Бьет час; слышится сигнальный свист; поезд близко. Станция приходит в движение: поднимается шум, беготня, суета. В моих ушах, словно перекрестный огонь, раздаются всевозможные приветствия и поощрения. Дурак! разиня! простофиля! фалалей! Наконец, я добираюсь до вагона 2-го класса и бросаюсь на первую порожнюю скамью, в надежде уснуть.

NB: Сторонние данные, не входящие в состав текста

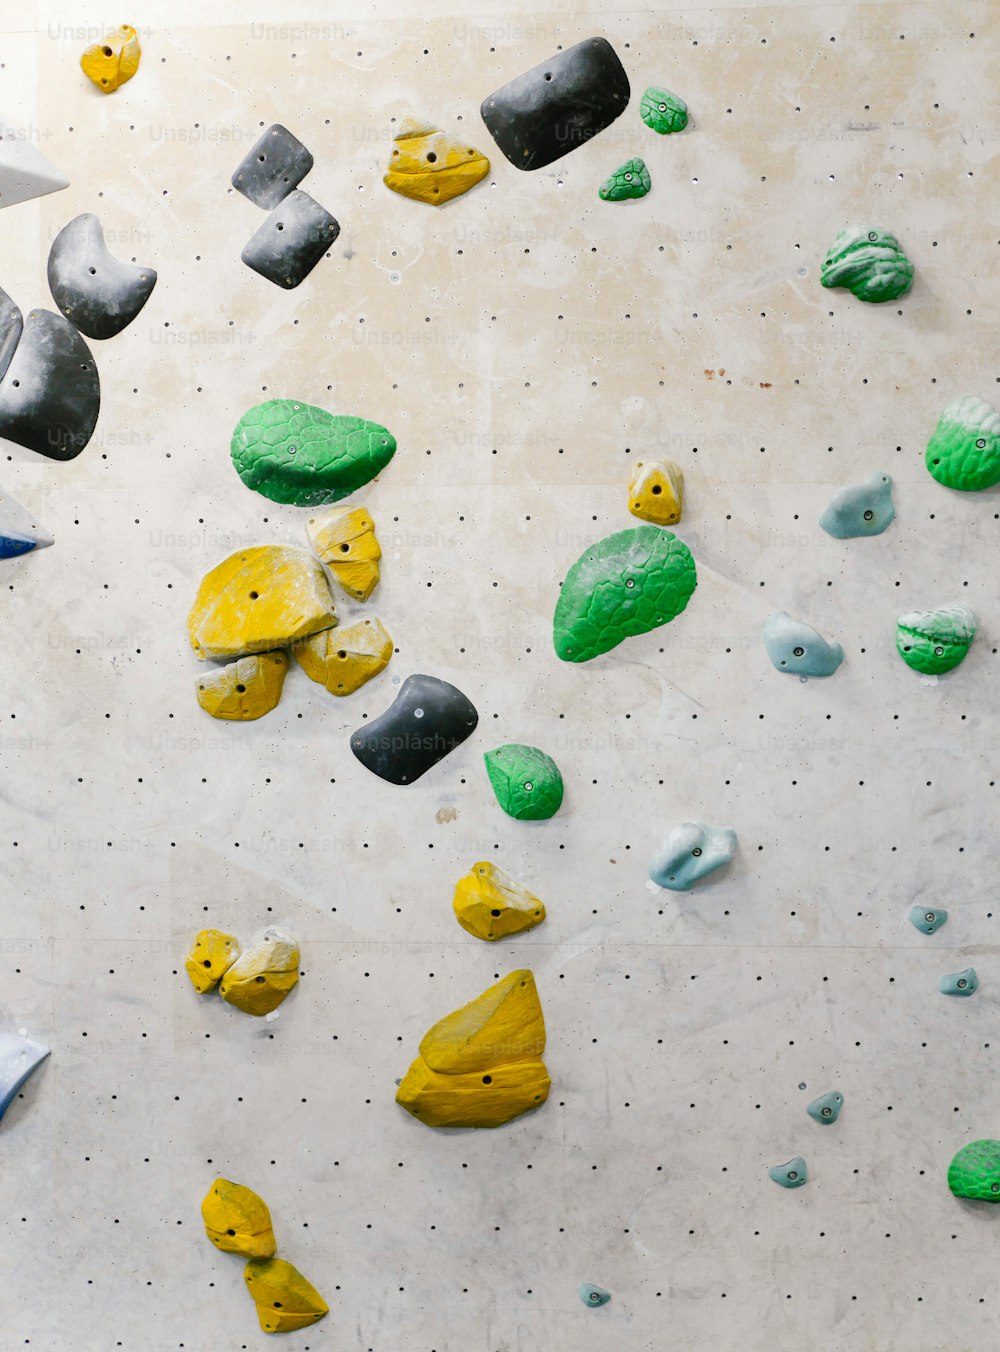 un mur d’escalade rempli de beaucoup de roches vertes et jaunes
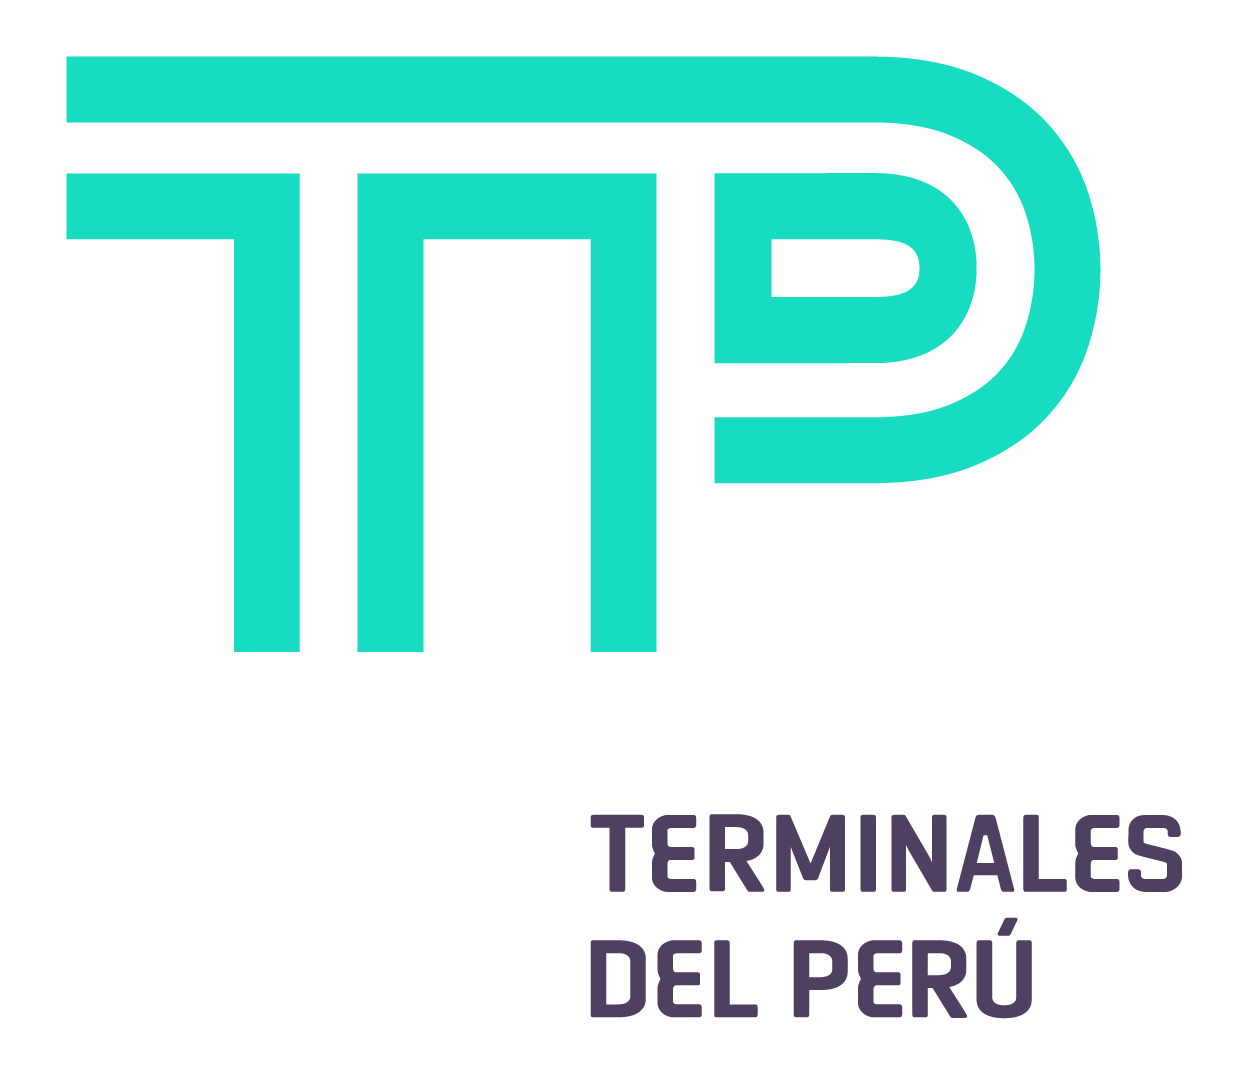 Logo TERMINALES DEL PERU.jpg  by Jennizon

Но, увы! летние ночи недолги. Не успеваем мы проехать трех станций, как в вагоне уже совсем светло. Сквозь беспокойную дорожную дремоту я слышу говор проснувшихся соседей, который, постепенно оживляясь и оживляясь, усиливается наконец до того, что нечего и думать о сне. Било четыре часа утра, когда я окончательно открыл глаза. Весь вагон бодрствовал; во всех углах шла оживленная беседа. Мой визави, чистенький старичок, как после оказалось, старого покроя стряпчий по делам, переговаривался с сидевшим наискосок от меня мужчиной средних лет в цилиндре и щегольском пальто. По-видимому, знакомство началось не далее как вчера вечером, но в речах обоих собеседников уже царствовала та интимность, которою вообще отличаются излияния людей, вполне чистых сердцем и не имеющих на душе ничего заветного.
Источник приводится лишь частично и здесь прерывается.